→ **ASSIGNMENT**
For the material below, set down exactly the lines between the one containing "A 9-spoke white" and the last line, both included, leaving every picture out.

→ **DATA PROVIDED**
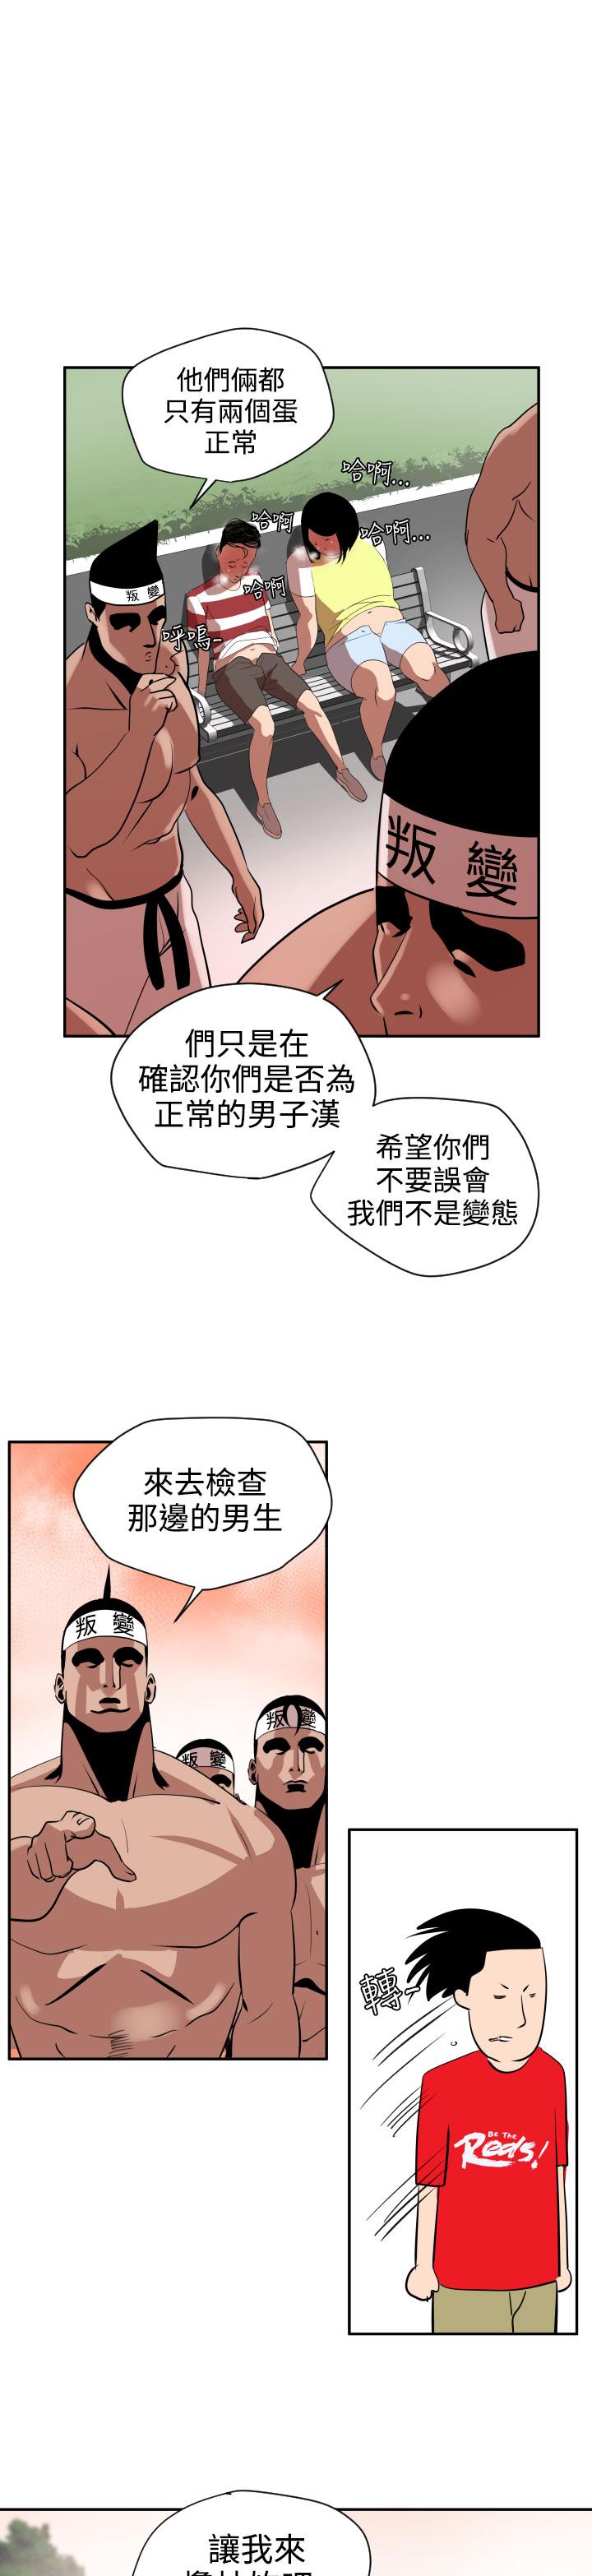 Desire King (慾求王) Ch.1-16 (chinese) 278
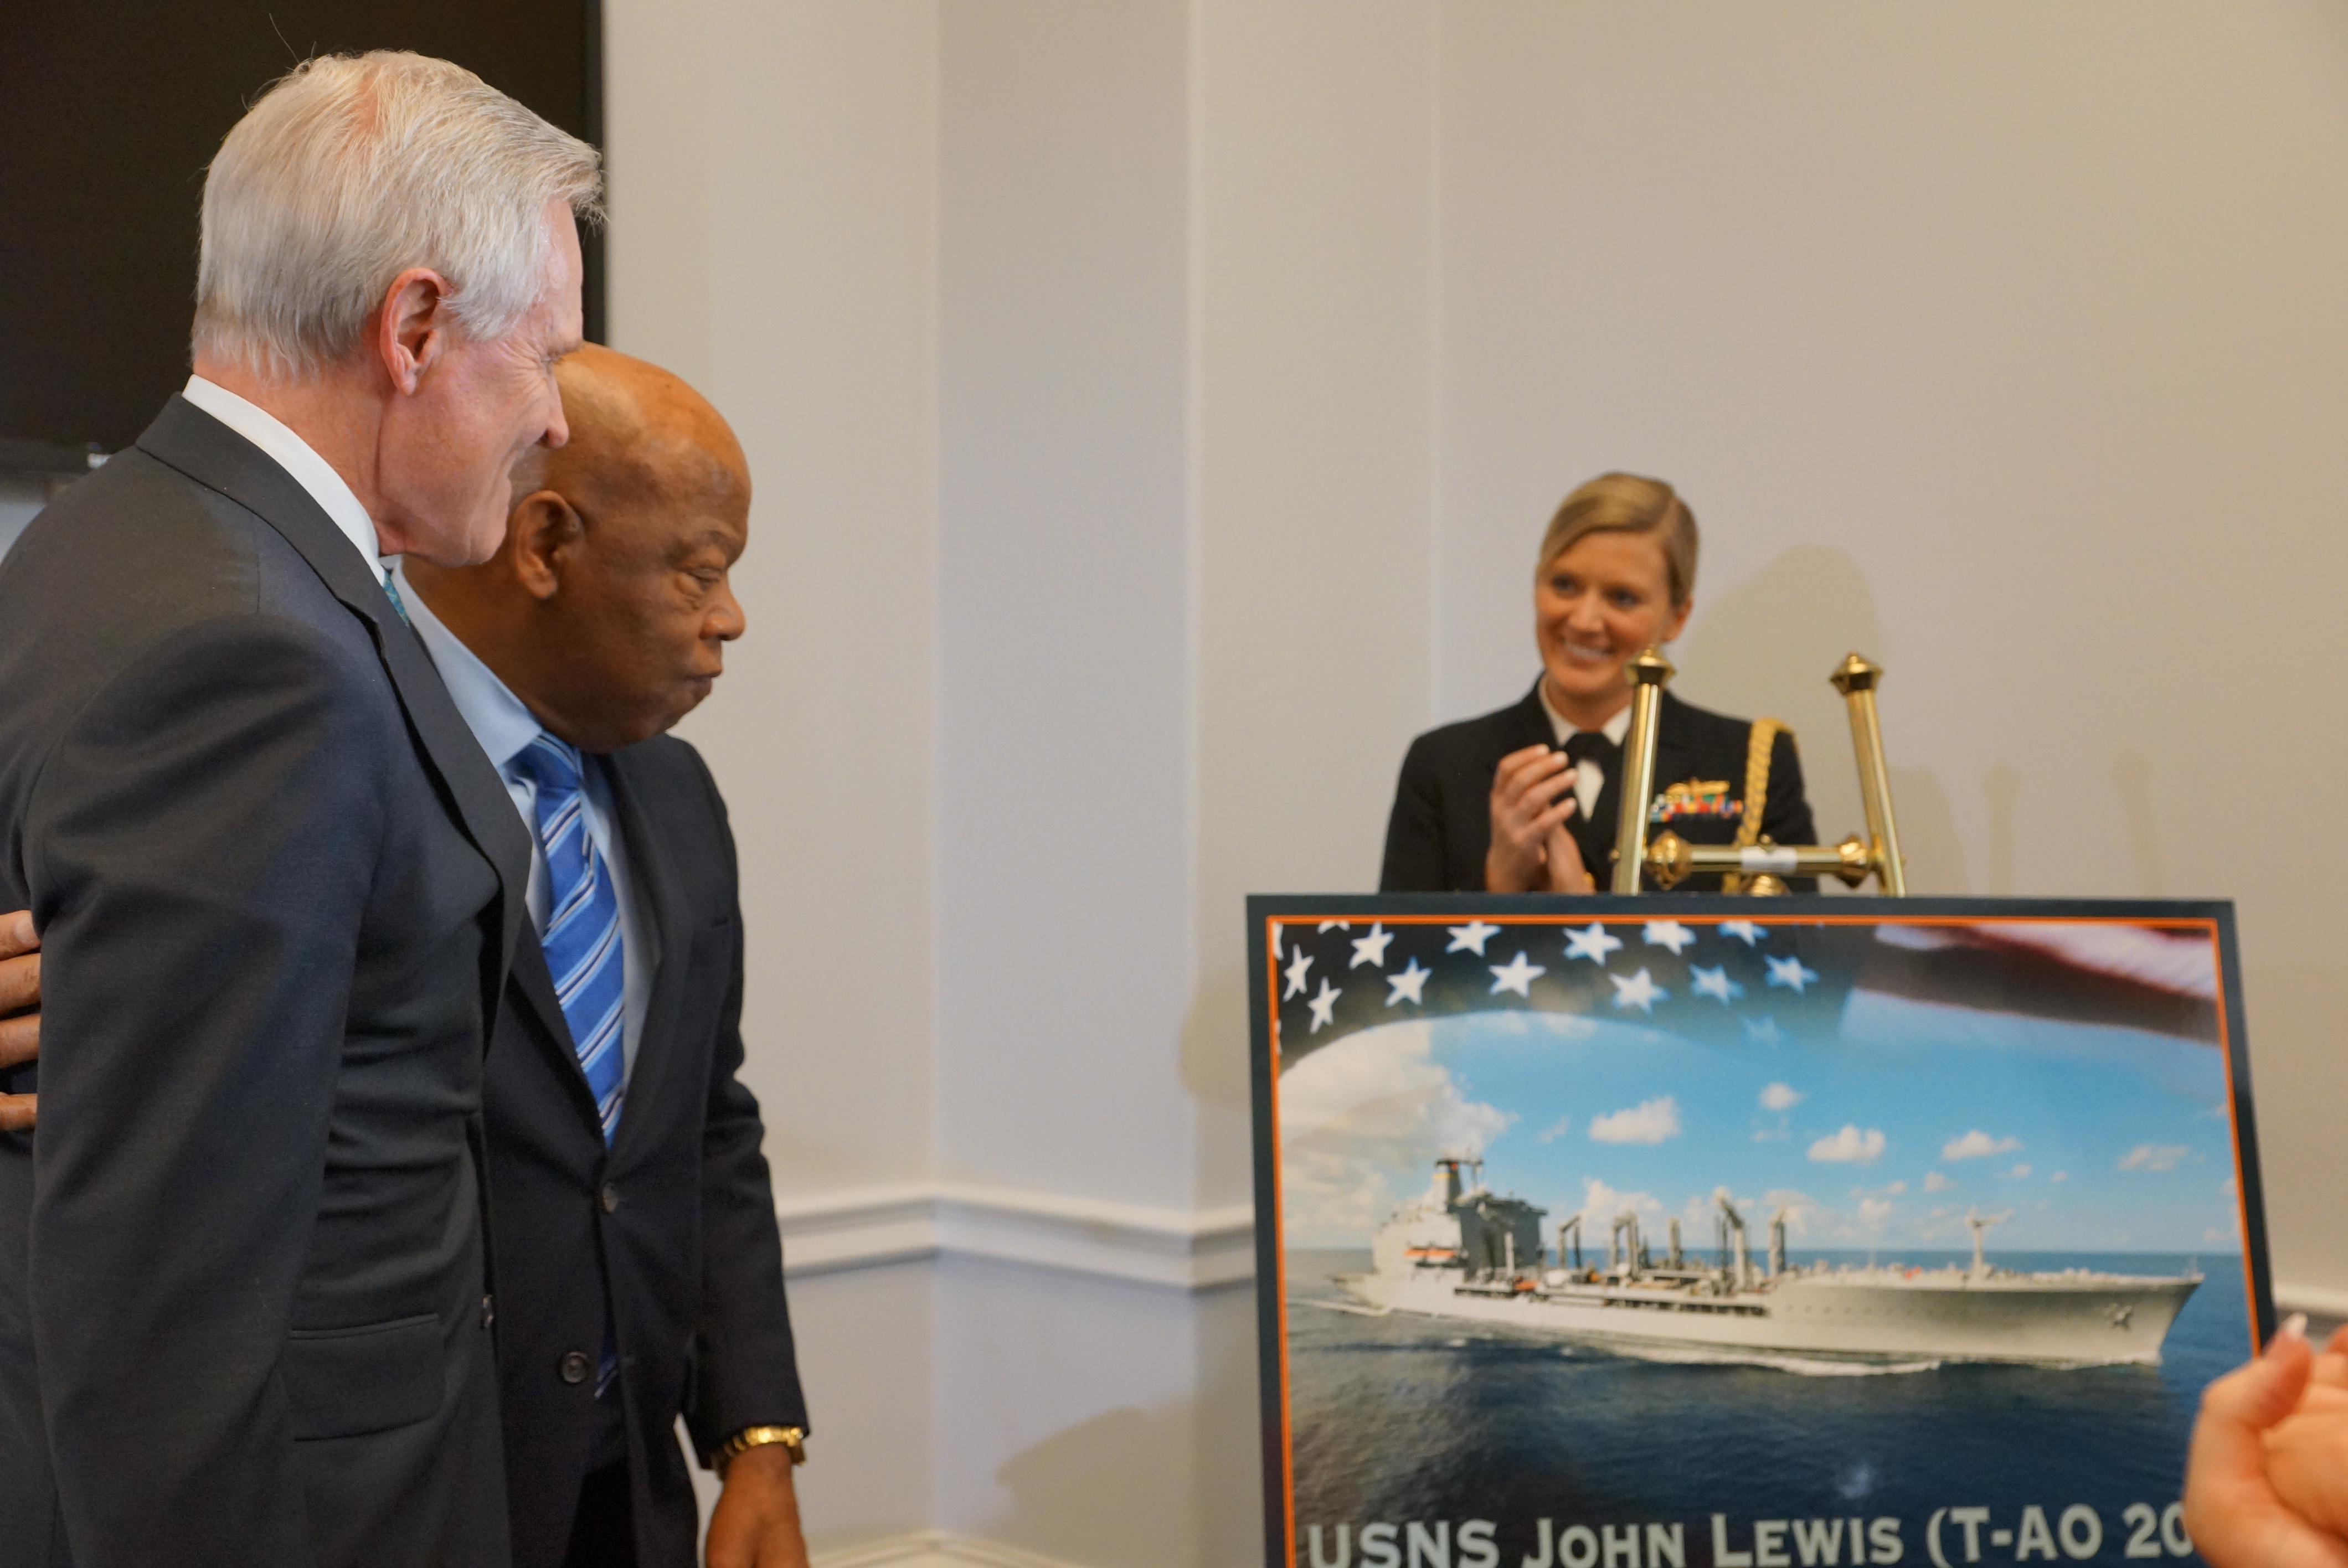 A quote by the late Congressman John Lewis resurfaces, and not a
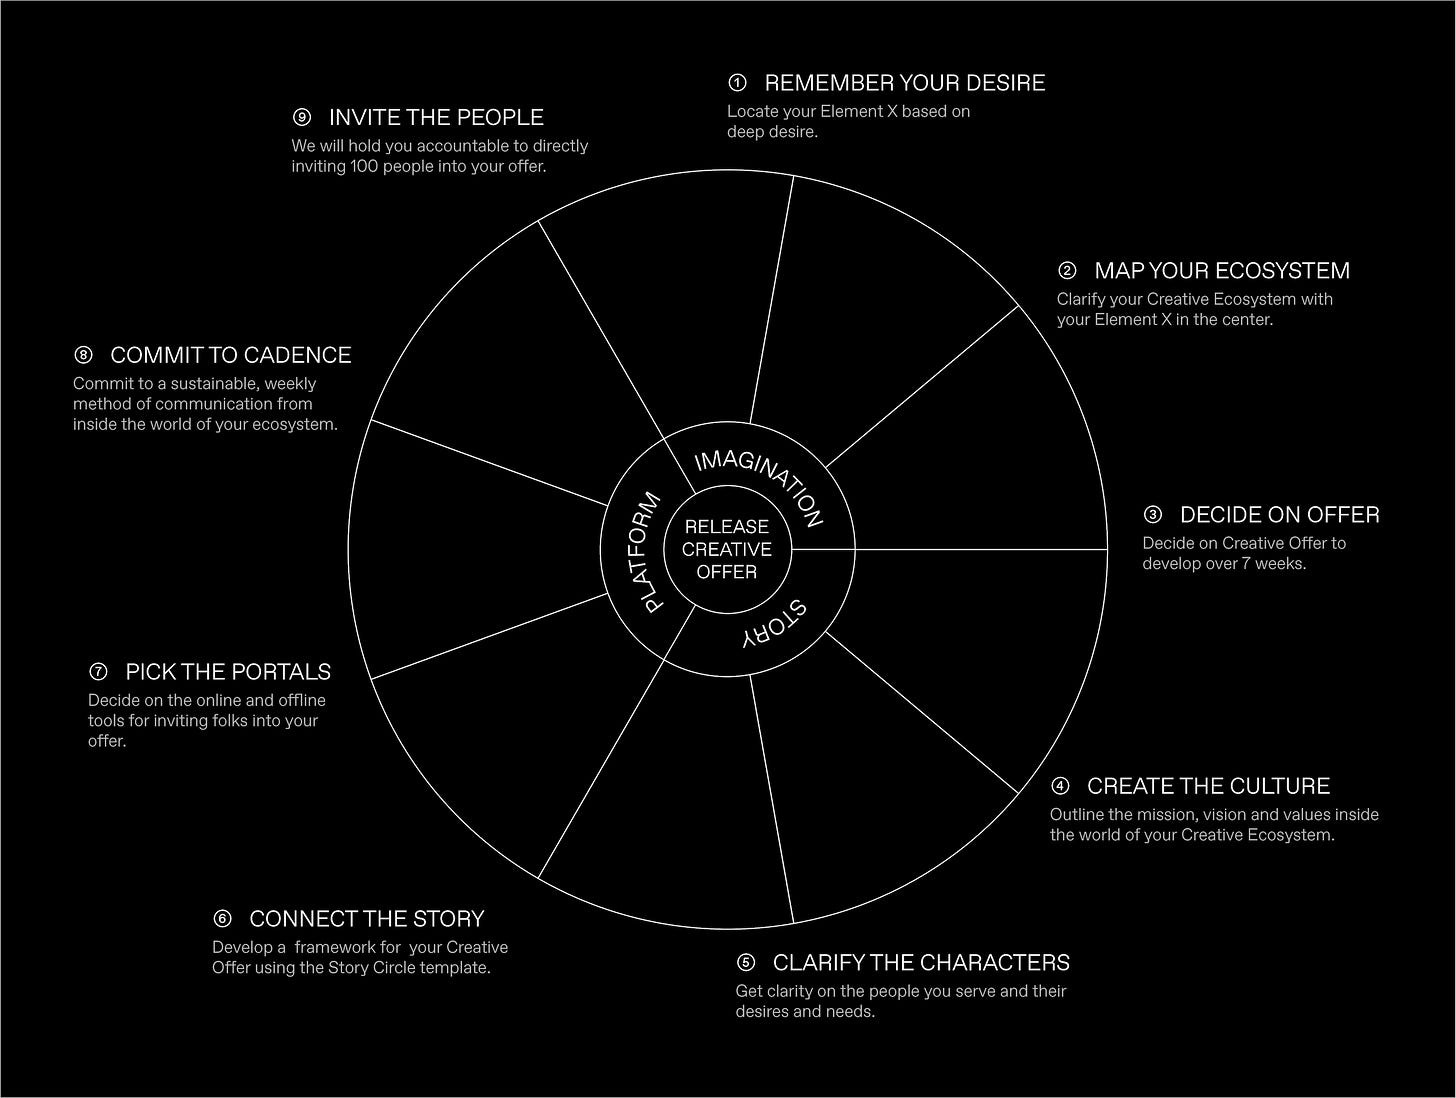 A 9-spoke white story circle on a black background outlining the 9 worldbuilding steps detailed in the Seeda Syllabus. The 3 worldbuilding tools: “Imagination”, “Story” and “Platform” are featured in the middle circling the desired outcome which is releasing a creative offer.
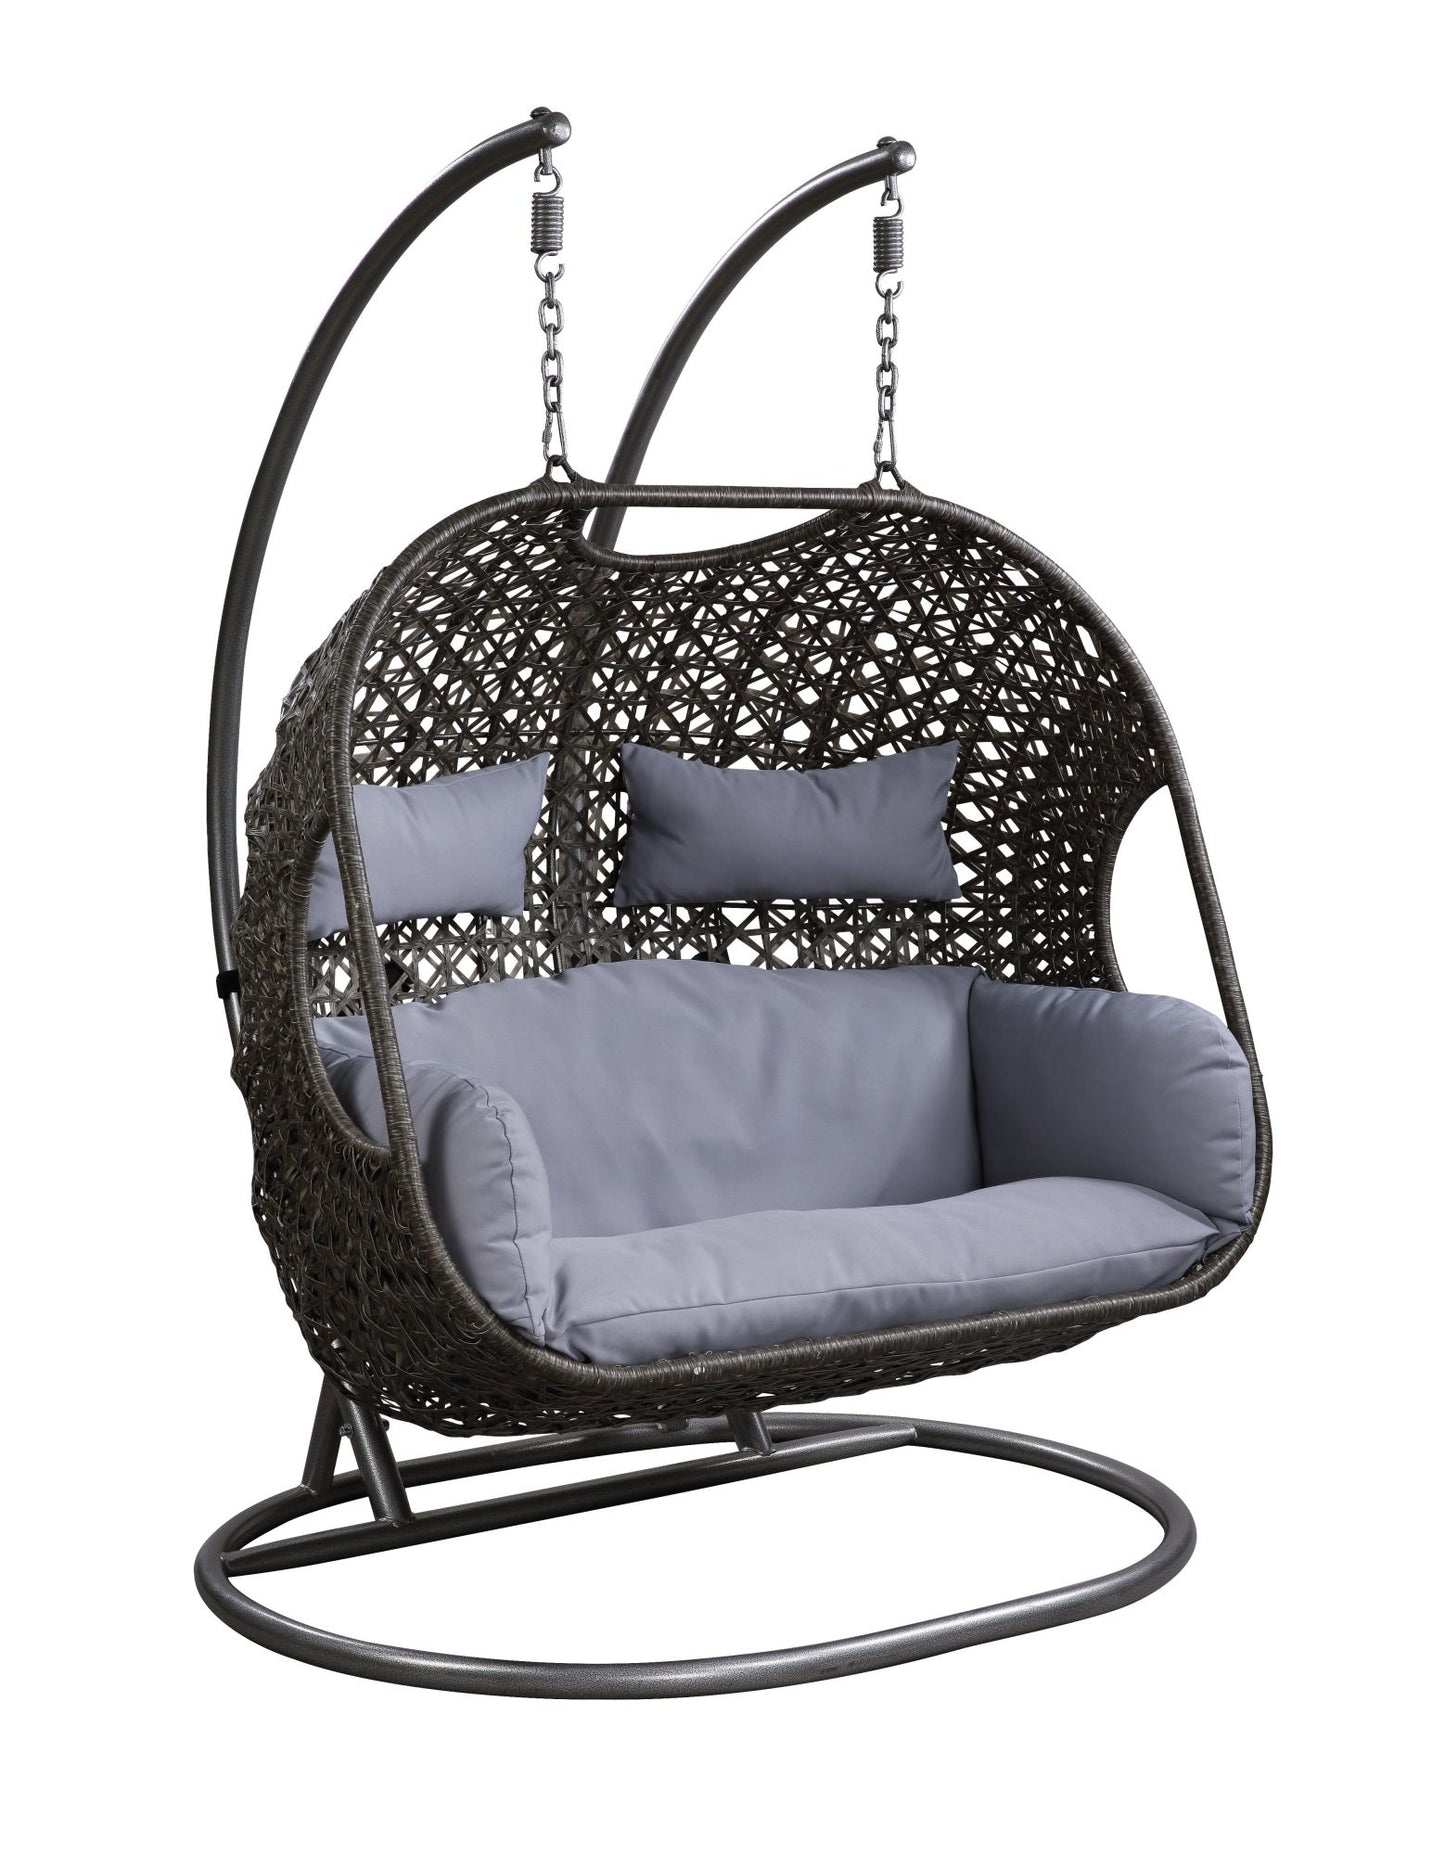 Patio Swing Chair with Stand and Fabric Cusions

→ **OUTPUT**
 A 9-spoke white story circle on a black background outlining the 9 worldbuilding steps detailed in the Seeda Syllabus. The 3 worldbuilding tools: “Imagination”, “Story” and “Platform” are featured in the middle circling the desired outcome which is releasing a creative offer.
 Patio Swing Chair with Stand and Fabric Cusions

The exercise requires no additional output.